Background information
- Origin: Colorado, United States
- Genres: Bluegrass, progressive bluegrass, folk
- Years active: 1978–present
- Labels: Sugar Hill Records, Flying Fish
- Members: Nick Forster; Tim O'Brien; Pete Wernick; Bryan Sutton;
- Past members: Charles Sawtelle; Mike Scap;
- Website: www.hotrize.com

= Hot Rize =

American bluegrass band

Hot Rize is an American bluegrass band that rose to prominence in the early 1980s. Established in 1978, Hot Rize has appeared on national radio and TV shows, and has toured most of the United States, as well as Japan, Europe and Australia.
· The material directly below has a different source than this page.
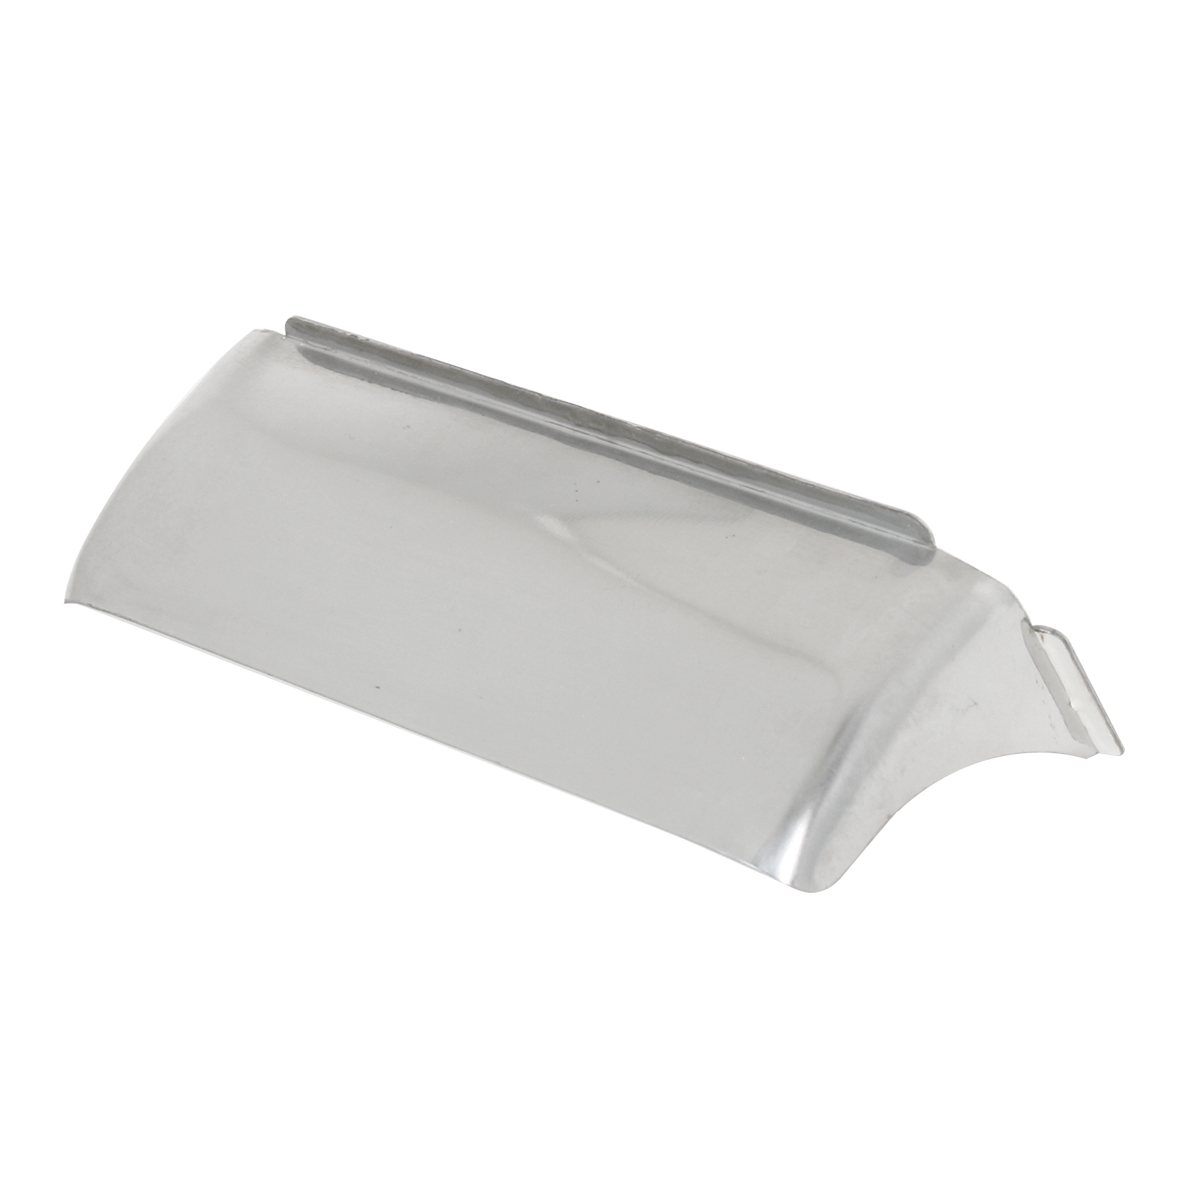 92491 Dual Rectangular Headlight Visor with Curve

The band were inducted into the International Bluegrass Music Hall of Fame in 2025.

==History==
Hot Rize started performing January 18, 1978, with Tim O'Brien on mandolin and fiddle, Pete Wernick on banjo, Charles Sawtelle on bass and Mike Scap on guitar. Scap left the band with Nick Forster (electric bass) joining in April, thereby allowing Sawtelle to switch to acoustic guitar. That established the four-man line-up that lasted over 20 years: O'Brien on mandolin, fiddle and lead vocals, Forster on electric bass, harmony vocals, and emcee work, Sawtelle, on guitar and occasional lead vocals, and Wernick as "Dr. Banjo".

Their first, self-titled album was recorded in 1979 with follow-up Radio Boogie, released in 1981.

The band issued six studio albums before disbanding in 1990. That year they received the first Entertainer of the Year Award issued by the International Bluegrass Music Association. The following year, their album Take It Home received a Grammy Award nomination, and a song from the album, "Colleen Malone", won Song of the Year from the IBMA.

From 1991–98, the band played several reunion dates each year. Following the death in 1999 of Charles Sawtelle, Hot Rize re-grouped in 2002, adding Bryan Sutton to play the guitar.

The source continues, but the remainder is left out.